[DATA EXTRACT]
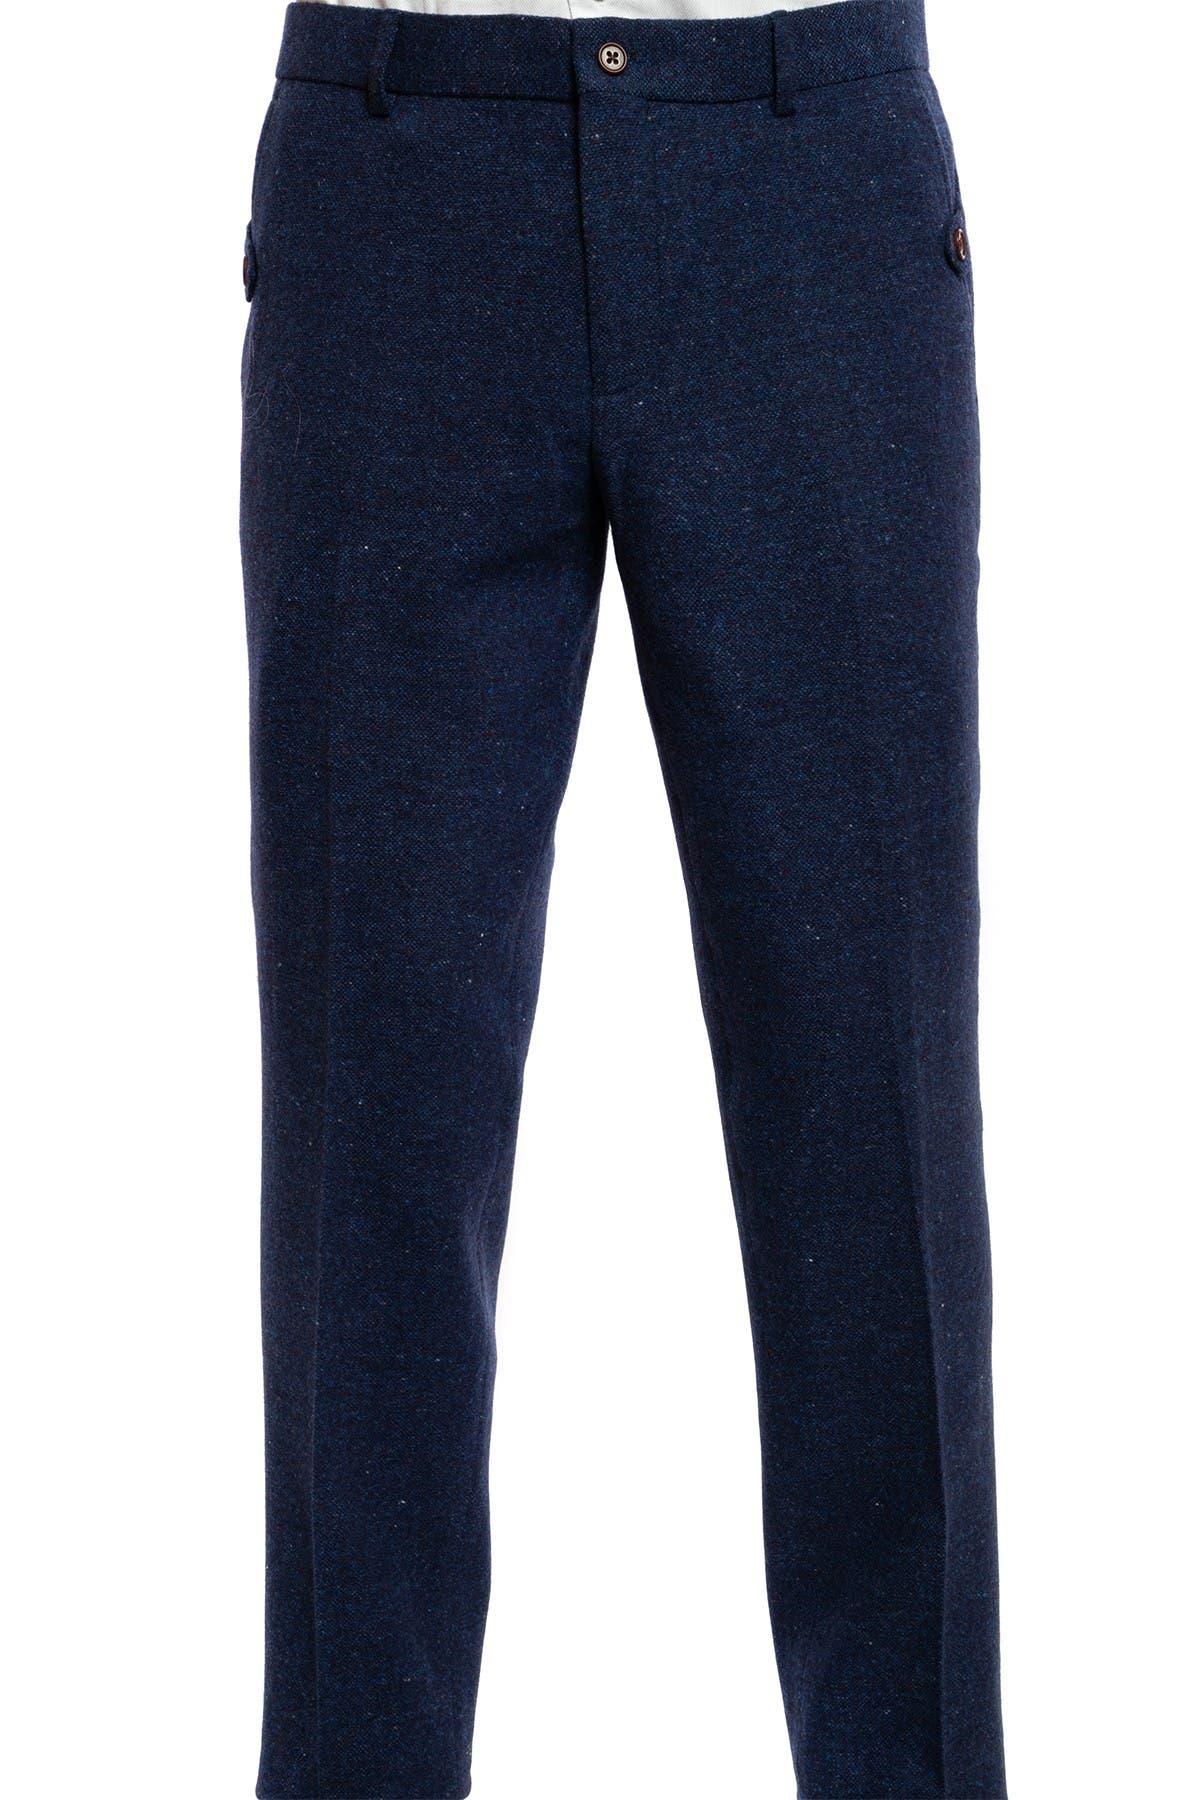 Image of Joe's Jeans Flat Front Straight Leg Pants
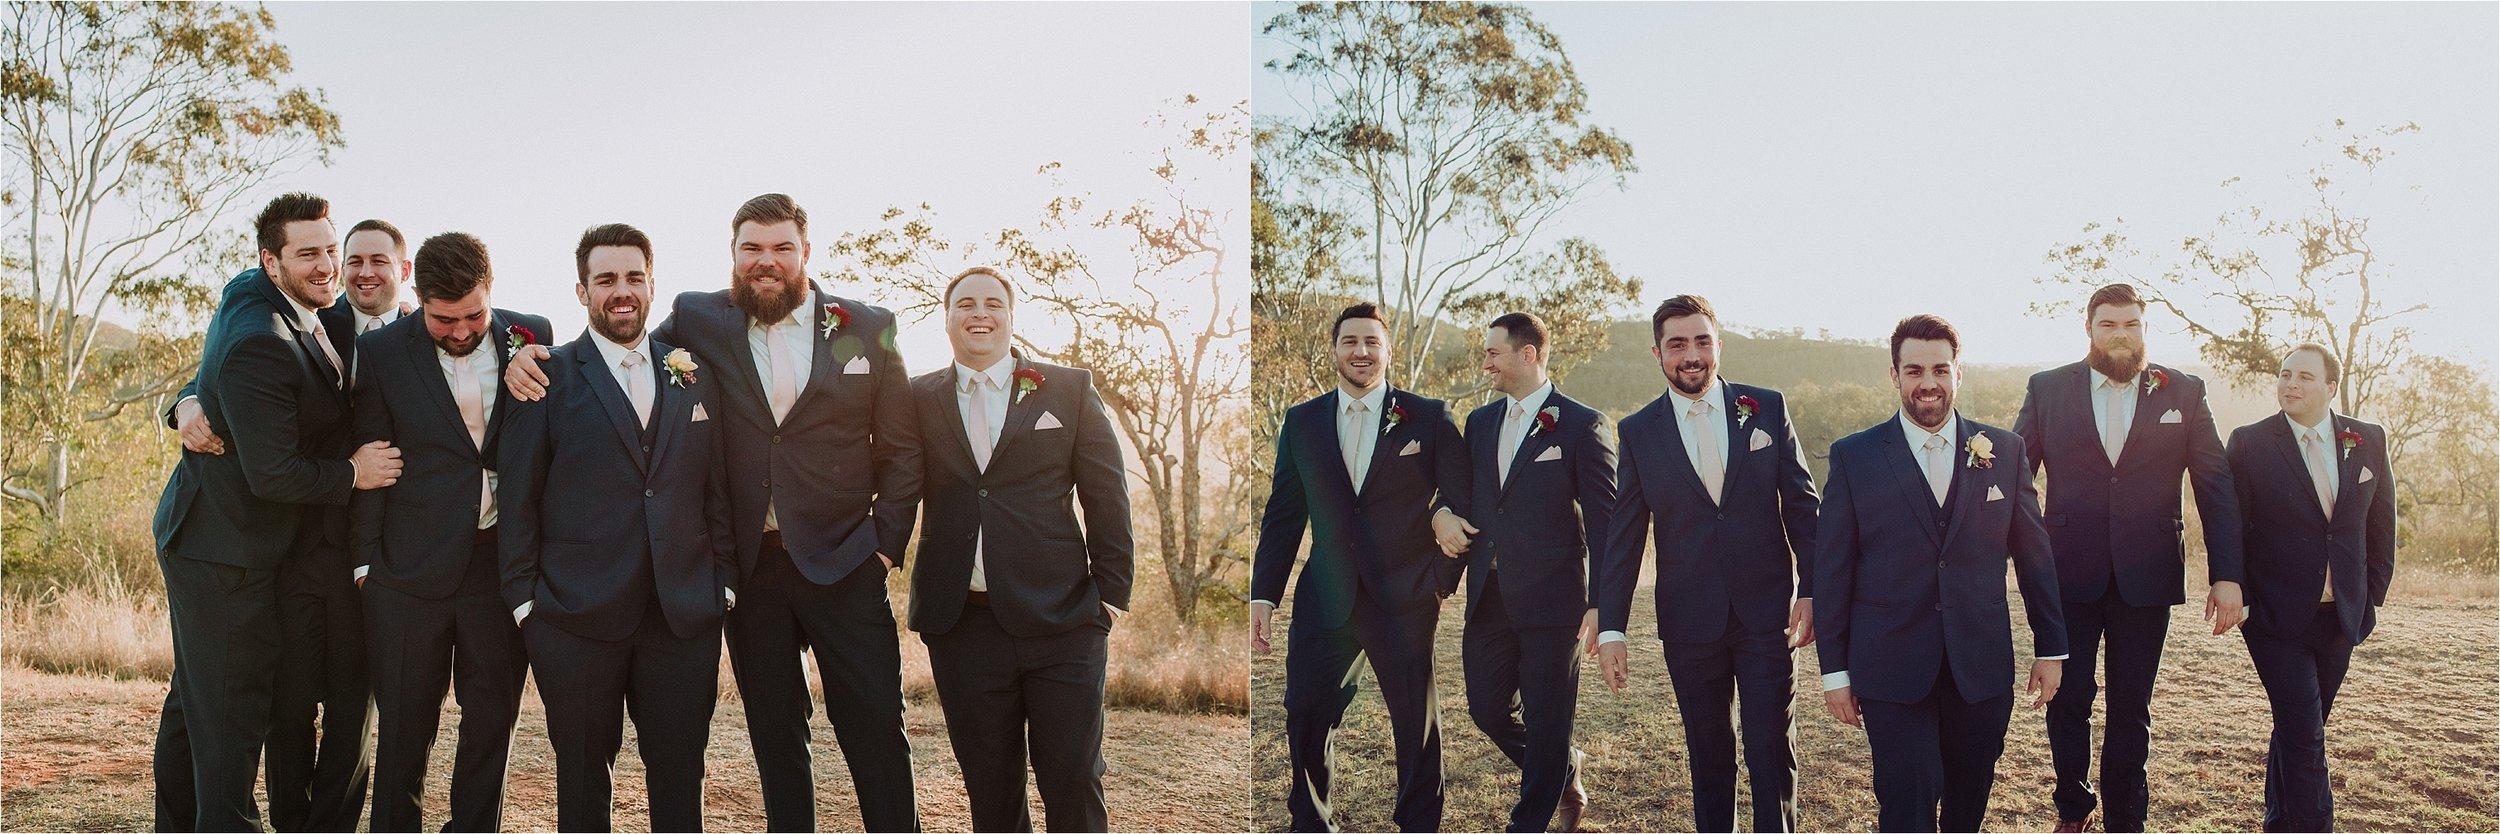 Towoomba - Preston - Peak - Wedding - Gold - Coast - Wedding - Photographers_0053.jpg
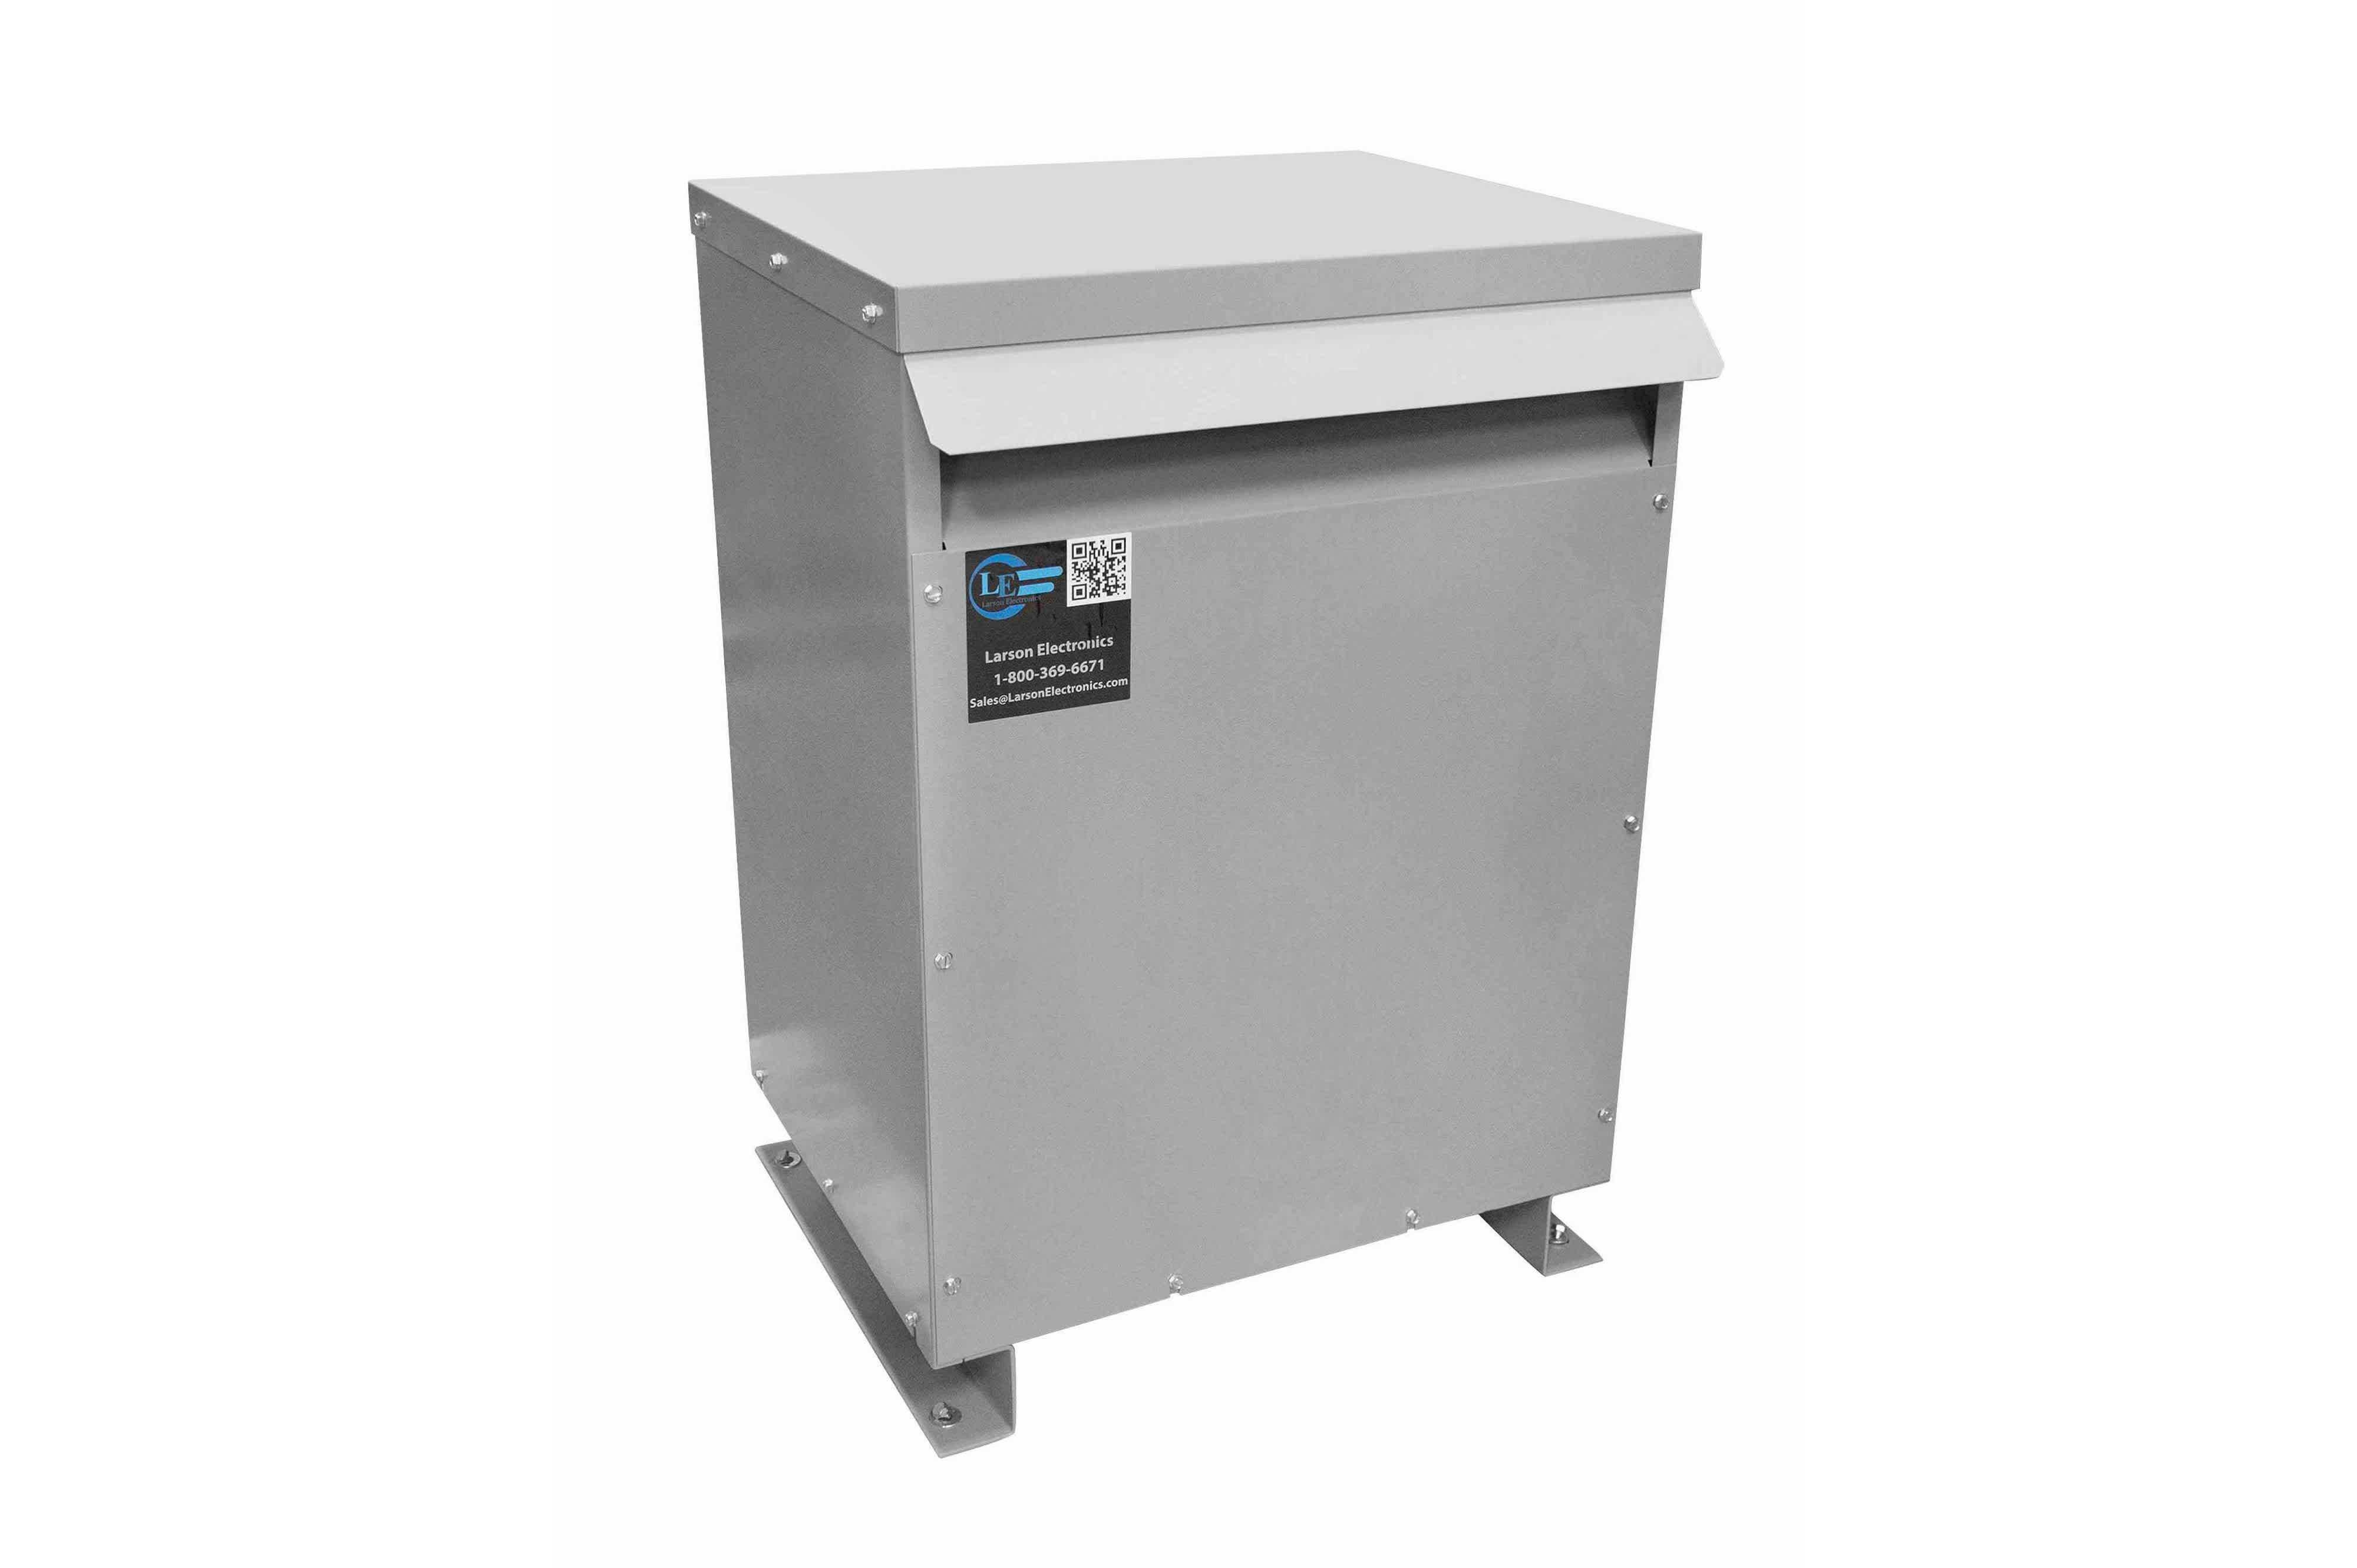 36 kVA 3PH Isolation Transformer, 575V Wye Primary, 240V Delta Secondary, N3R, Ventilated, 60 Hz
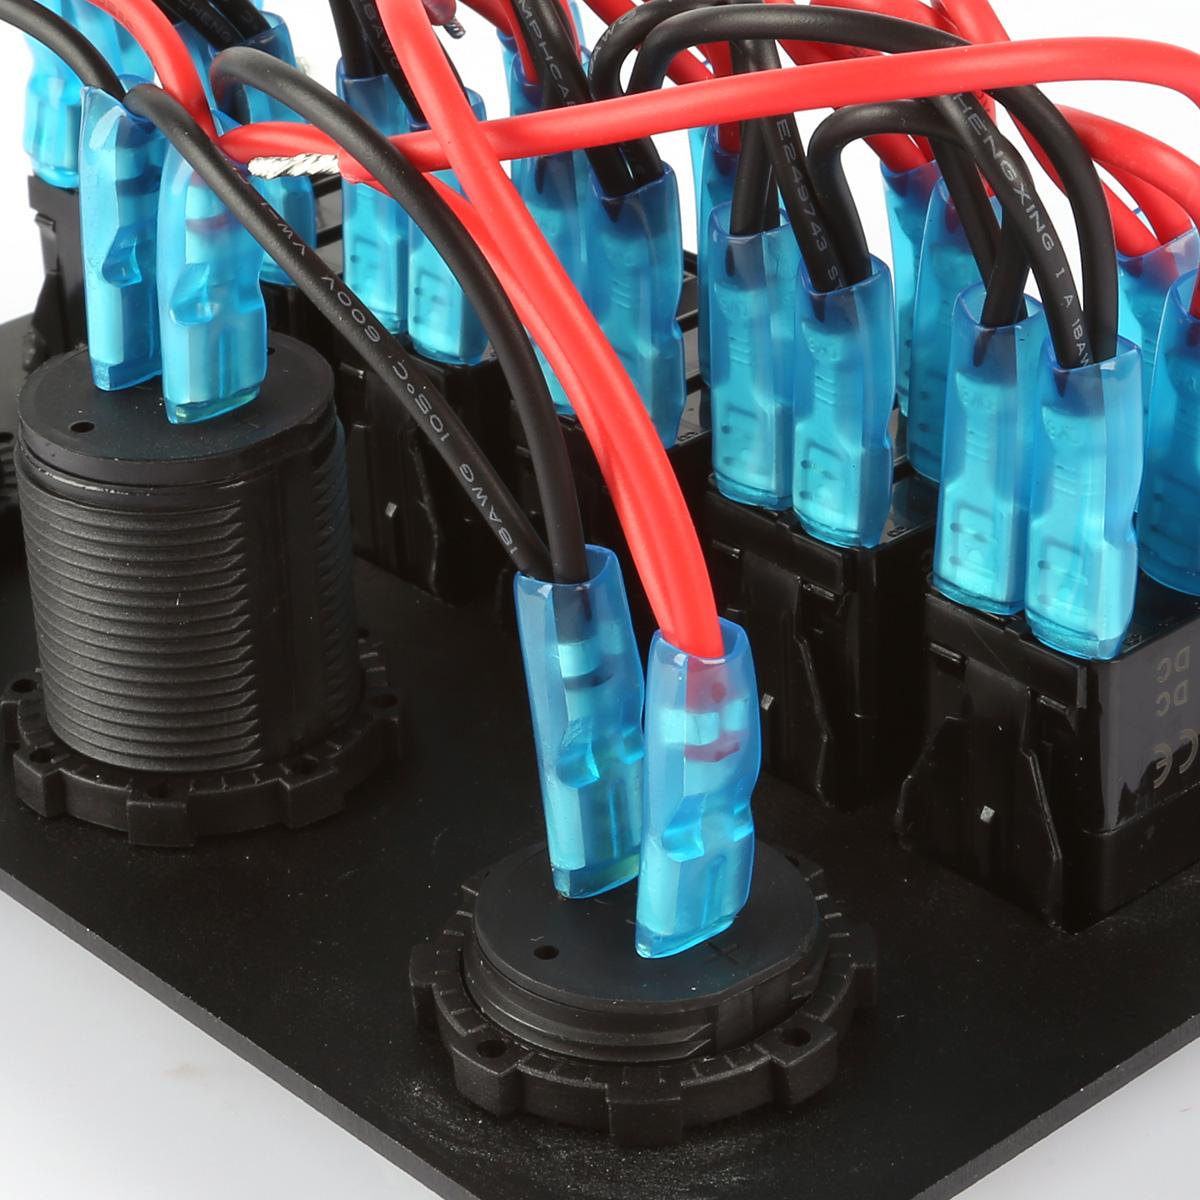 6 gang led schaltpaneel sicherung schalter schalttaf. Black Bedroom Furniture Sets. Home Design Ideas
[/DATA EXTRACT]
Copy the listing verbatim, omitting images.

 Image of Joe's Jeans Flat Front Straight Leg Pants
 Towoomba - Preston - Peak - Wedding - Gold - Coast - Wedding - Photographers_0053.jpg
 36 kVA 3PH Isolation Transformer, 575V Wye Primary, 240V Delta Secondary, N3R, Ventilated, 60 Hz
 6 gang led schaltpaneel sicherung schalter schalttaf. Black Bedroom Furniture Sets. Home Design Ideas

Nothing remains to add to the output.